_The problem:_ Repeat only what runs from the line with "Hardinxveld-Giessendam map" through the last line of the data below, both included, keeping every word as it is and leaving out the pictures.

_Material provided:_
◆ ◆ ◆
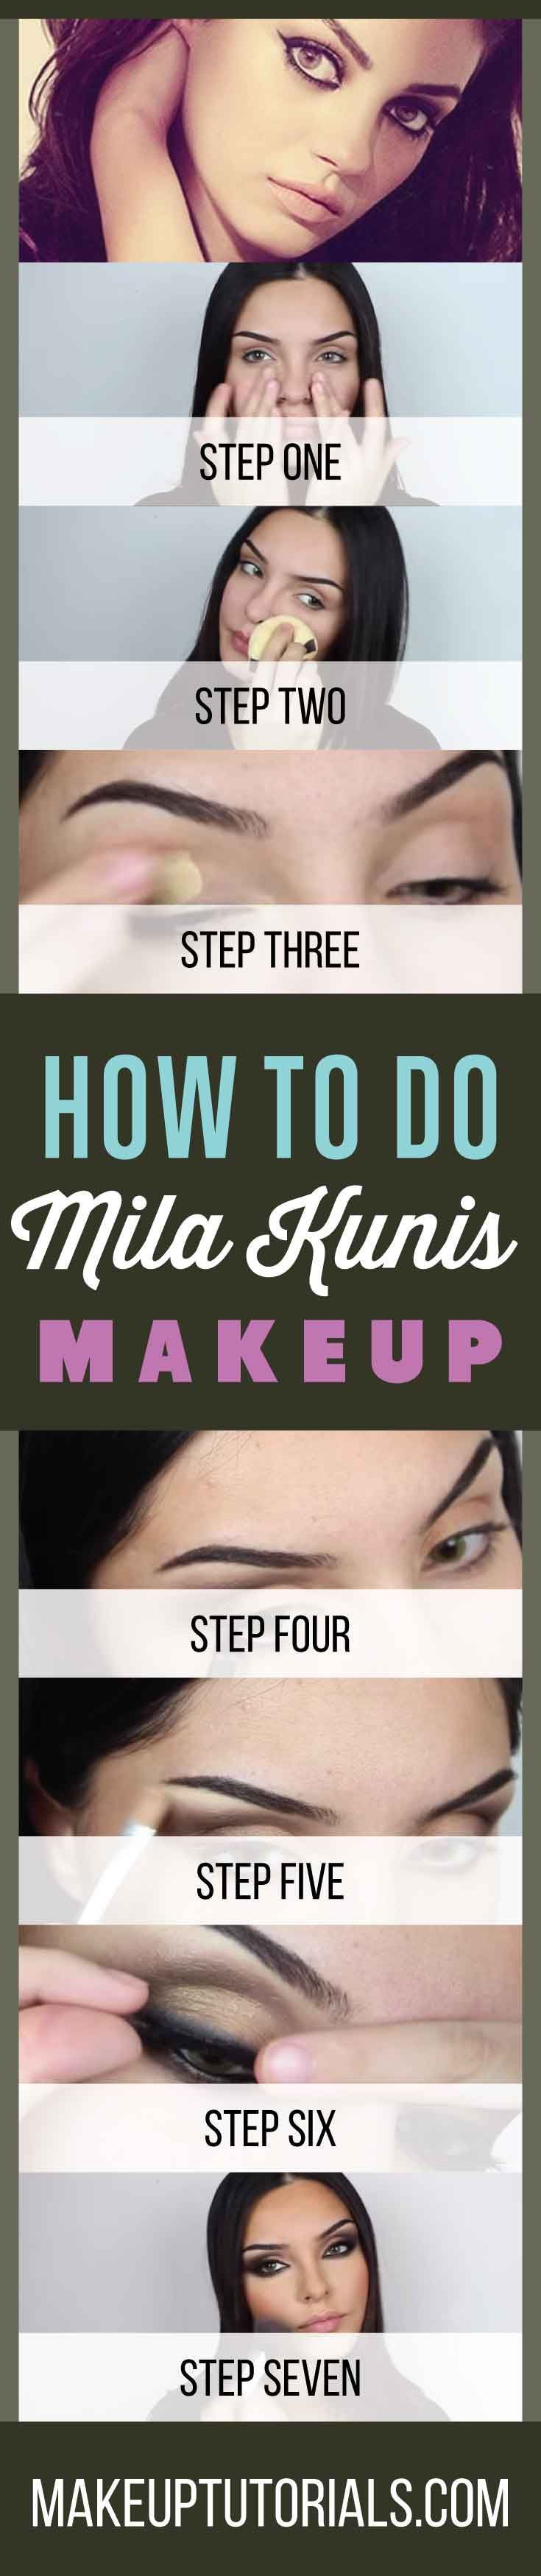 How To Do Mila Kunis Makeup Tutorials | Easy DIY Makeup Ideas & Tips For Doing Y...
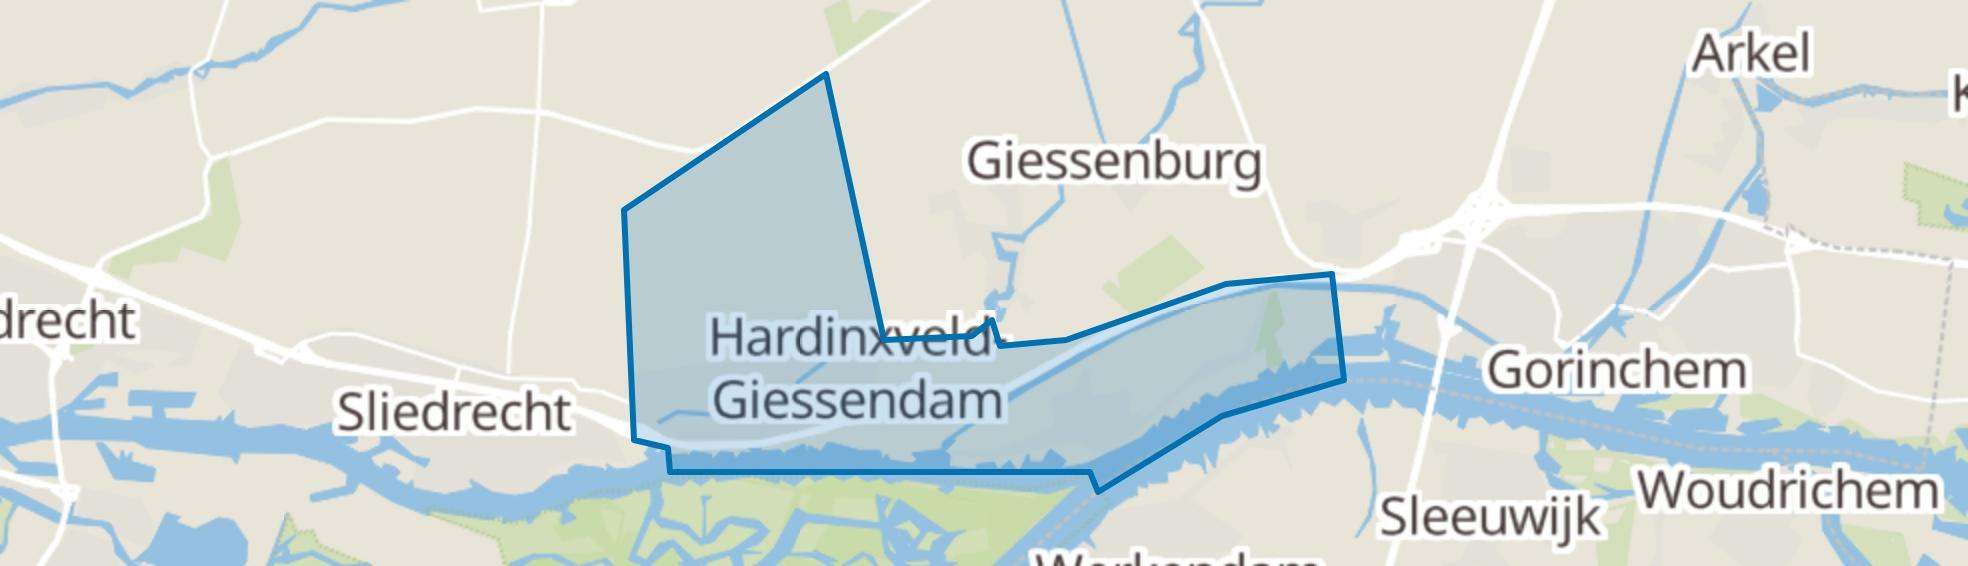 Hardinxveld-Giessendam map
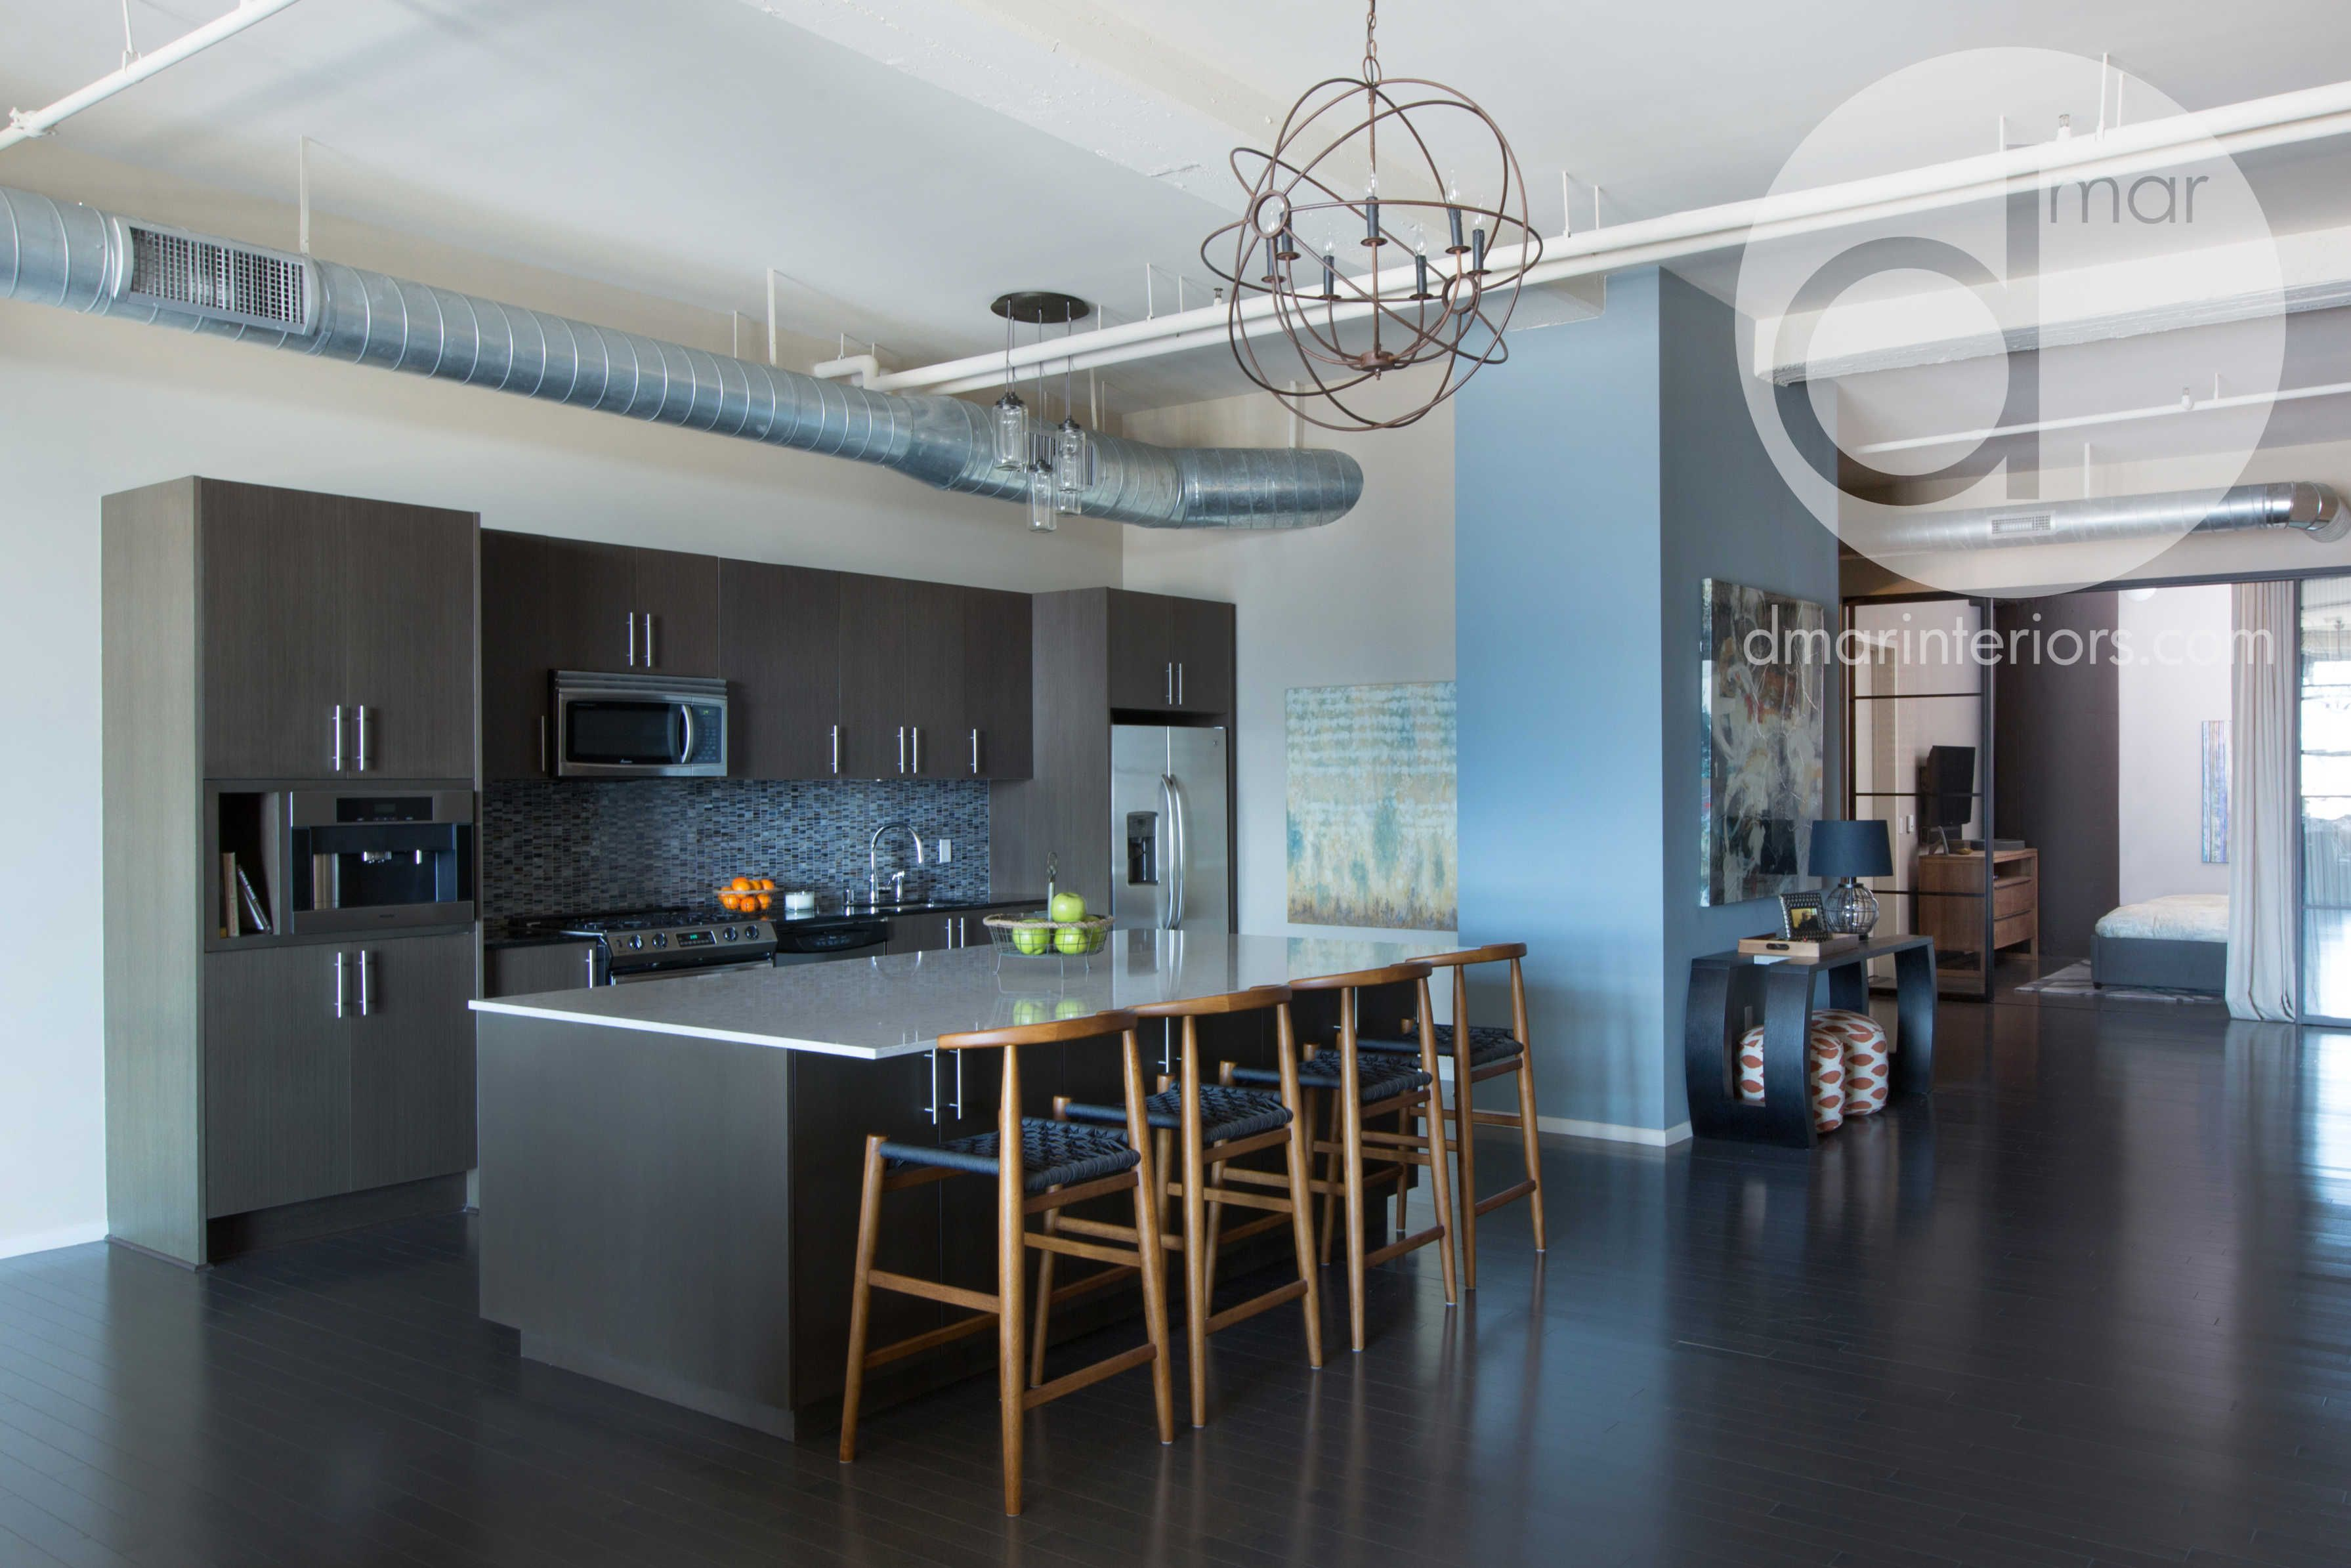 Custom Kitchen, Loft, Counter Stools, Large Island, Open Ceilings ...
◆ ◆ ◆
_Answer space:_
 Hardinxveld-Giessendam map
 Custom Kitchen, Loft, Counter Stools, Large Island, Open Ceilings ...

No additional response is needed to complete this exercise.